The new plan? Ditching the cookie dough idea in favor of an all-encompassing, unicorn-themed dessert one. It was a notion confirmed by the upstart entities’ own Instagram account on December 11 in a post that announced “Unicorns are real.”

That post’s accompanying image — a cupcake with a decorative, cherub-like unicorn perched on top — was watermarked with the Magical Dessert Bar logo. But here’s the thing about that post: Despite the caption’s proclamation, it turns out the image was not real — well, not a real creation from Magical Dessert Bar, anyway.

The photo is neither an original Magic Dessert Bar image nor a likeness of any product available at the shop. This is an ongoing issue, too: Search Pinterest for “Unicorn Hot Chocolate” and you’ll see that the shop’s November 19 Instagram photo about a hot chocolate offering — along with various other images posted to its Instagram and Facebook accounts — are actually someone else’s work. A quick Google image search reveals the pièce de résistance: The image used to promote the shop’s Unicorn Vanilla Shake is actually an image from an article called “100 Crazy Milkshakes We’re Drooling Over” from Taste of Home magazine that the shop has simply recreated IRL.

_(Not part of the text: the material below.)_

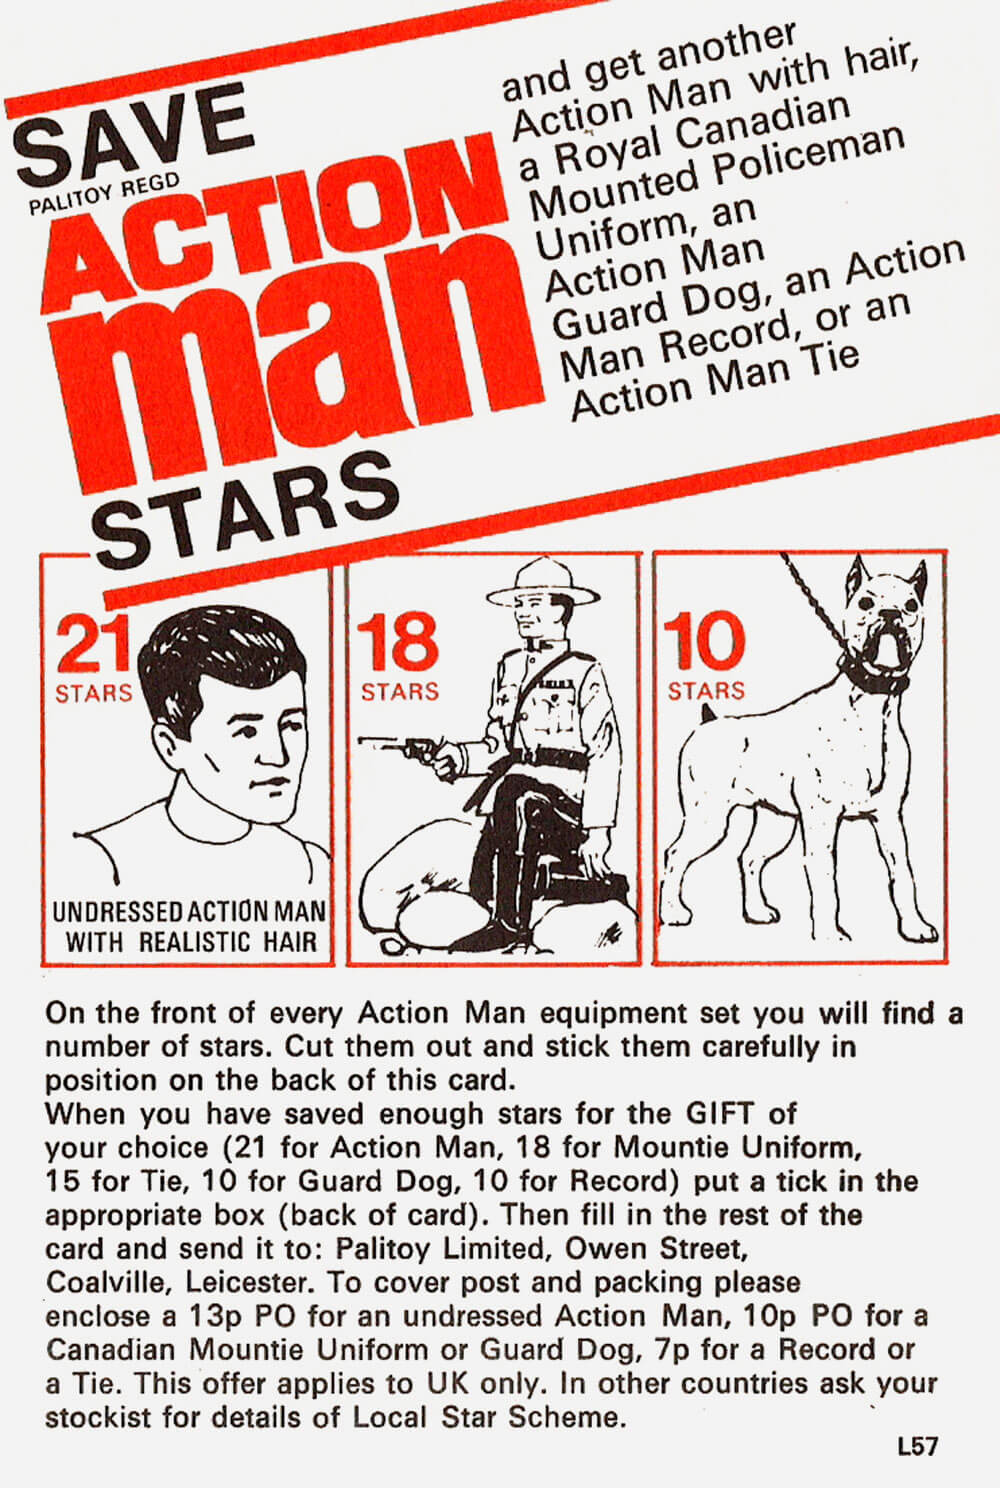 Action Man Star Card L51

Granted, Magical Dessert Bar isn’t the first local restaurant to behave badly on social media. Early posts on Toasted Coffee + Kitchen’s Instagram account were of stock images of avocado toasts that looked nothing like the thick, house-made varieties the East Dallas coffee shop has since become known for. But soon as any ethical concerns about Toasted’s photo usage was brought to the company’s attention, it admitted its mistake and took the offending photos down.

That hasn’t yet been the case with Dallas’ unicorn-based dessert concept, which promotes itself as the “first unicorn dessert bar in the U.S.” and which has opened to so much fanfare that the company is already opening a second outpost for its treats down in Houston. Despite a large number of comments under the shop’s more egregiously fake Instagram posts that blast the company for not selling items that look anything like the photos in question, the stolen images remain shared on the shop’s social channels.

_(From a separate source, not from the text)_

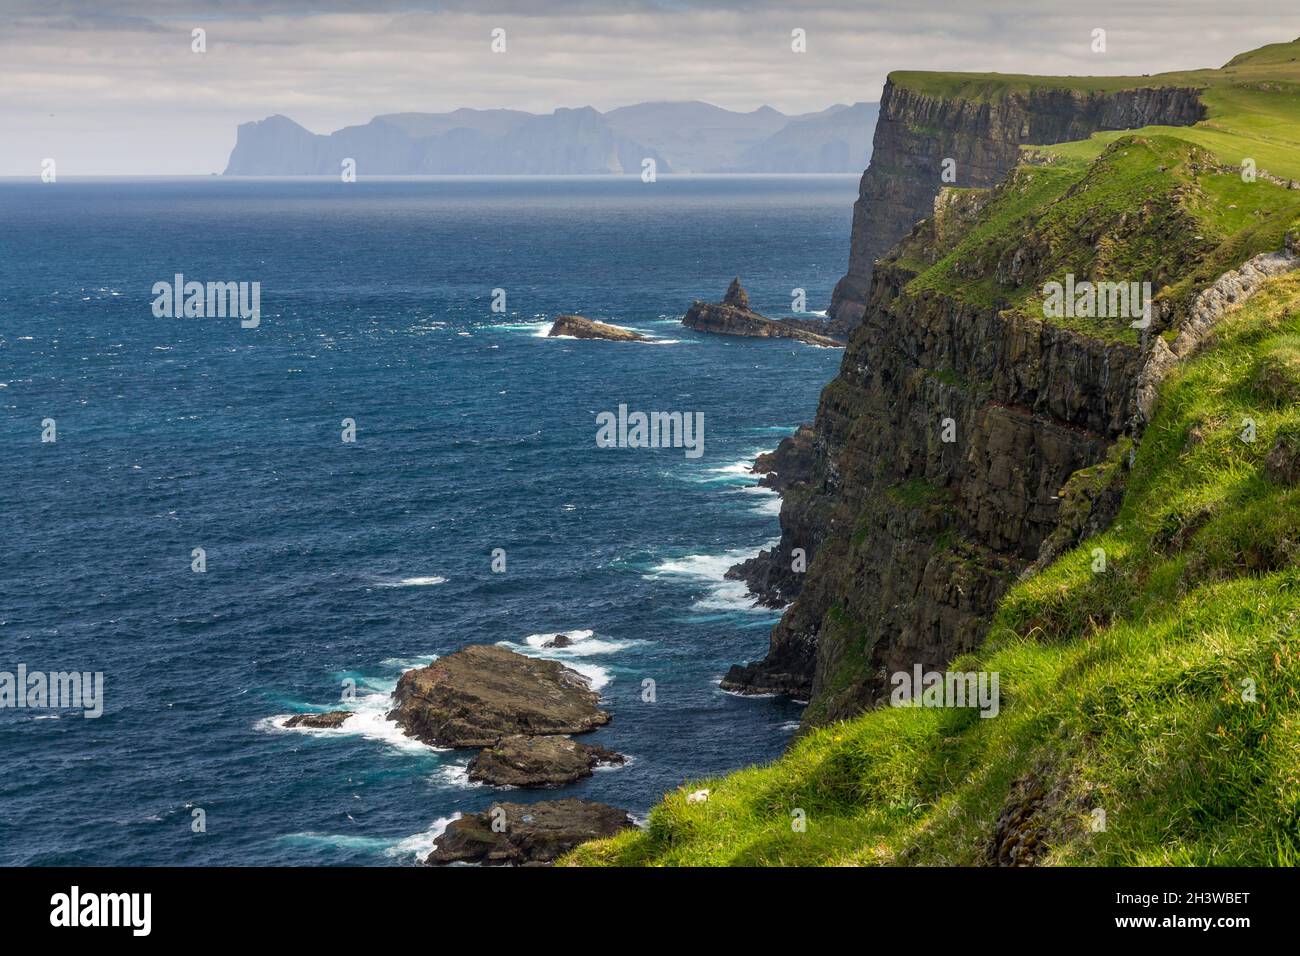 Cliff of the Mykines island Stock Photo

Of course, as we’ve seen in other local instances involving egregious ethical violations on social media, it should be said that a large majority of people simply do not care about these charges. More than 2,000 people reportedly attended Magical Dessert Bar’s December 21 grand opening, happily waiting in long lines just to walk into a store where cupcakes are not baked, but simply decorated.

Yes, that’s the other thing about this place: During a recent visit to the shop, racks of elsewhere-purchased treats could be seen in the open-air prep area behind the service counter, sitting in the boxes they came in and awaiting eventual decoration so that they could match the shop’s theme.

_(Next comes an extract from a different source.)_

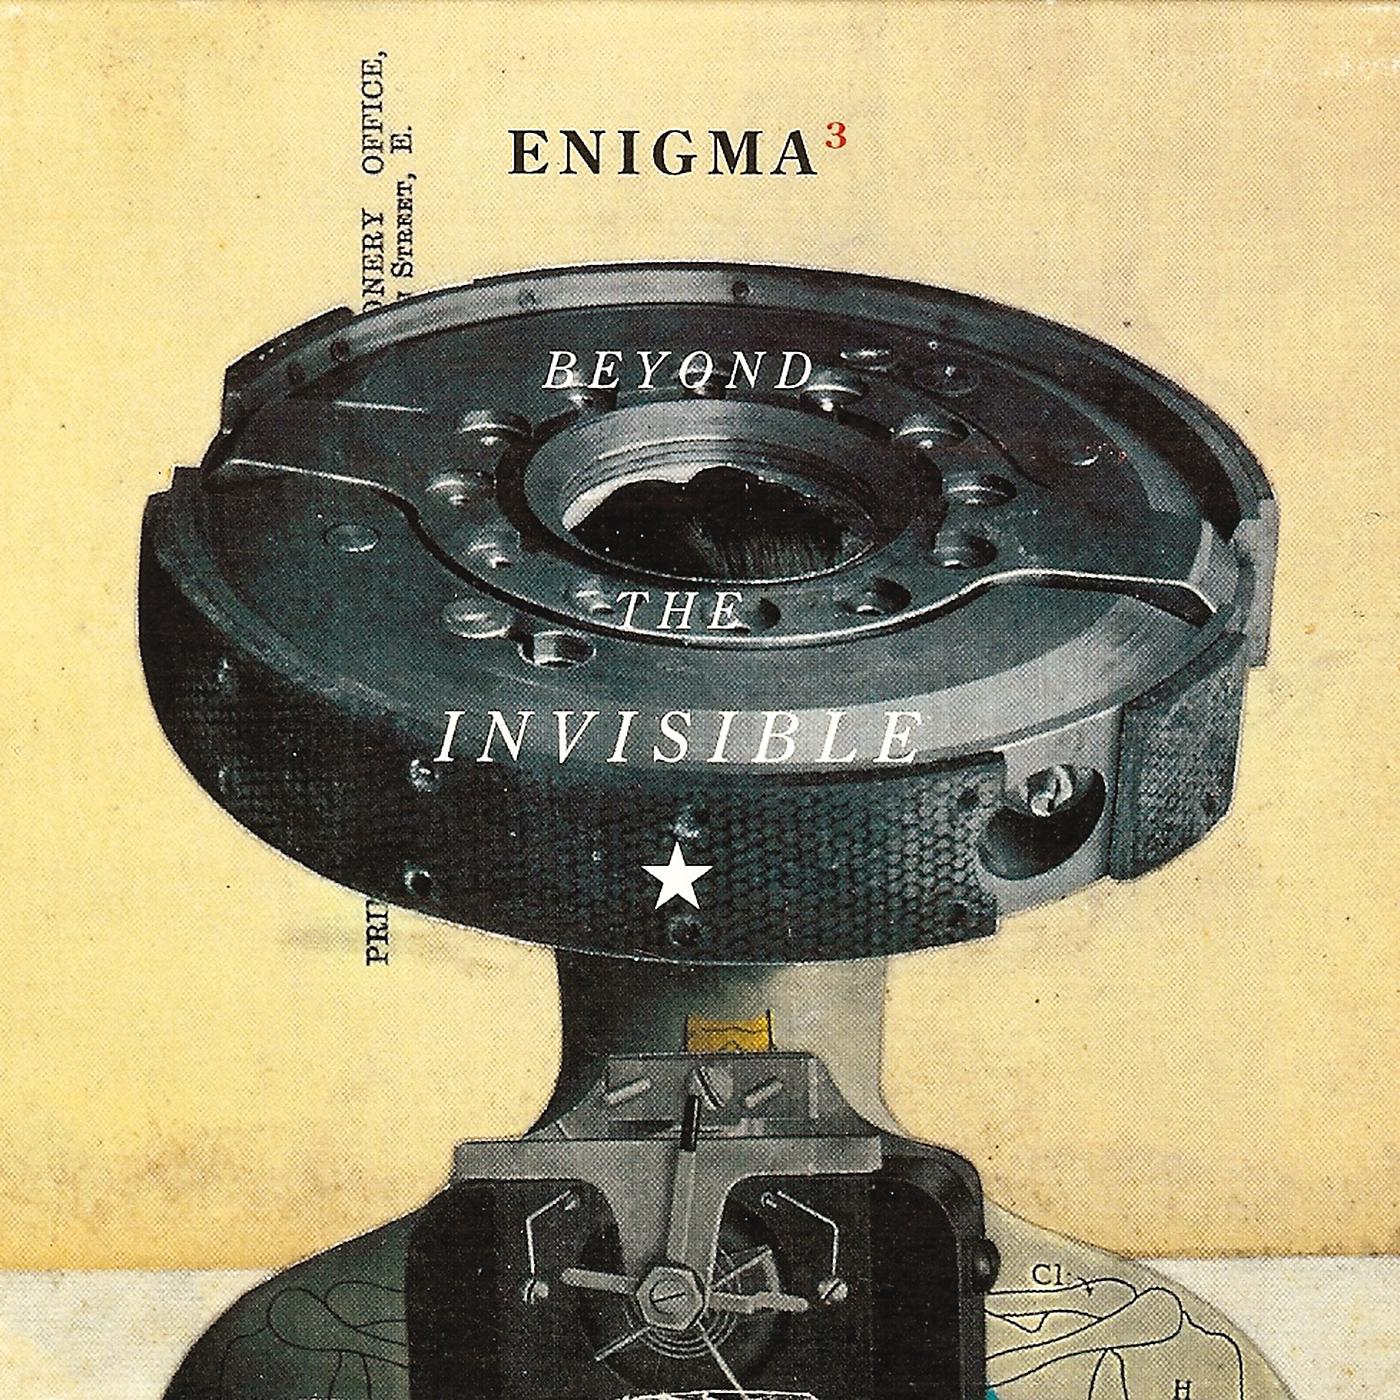 Roi est mort. Enigma 1996. Enigma - Beyond the Invisible (1996). Enigma 1990. Enigma Beyond the Invisible альбом.

For anyone older than than this shop’s preteen-and-younger target audience (read: the parents who drag their kids there), sights like these immediately kill any sense of purported magical ambiance at the shop — or, well, whatever sense of that can possibly remain after one is asked to shell out $16 (including tax) for a basic-ass (and, it’s worth noting, booze-less) milkshake.

Add that disappointment to the spot’s obviously unethical social media postings, and it becomes abundantly clear: Magical Dessert Bar’s appeal is more illusion than anything else. And the trick to its success is, well, just that — a trick.

Sorry to be the bearer of bad news here, but unicorns — in Deep Ellum or elsewhere — just aren’t real.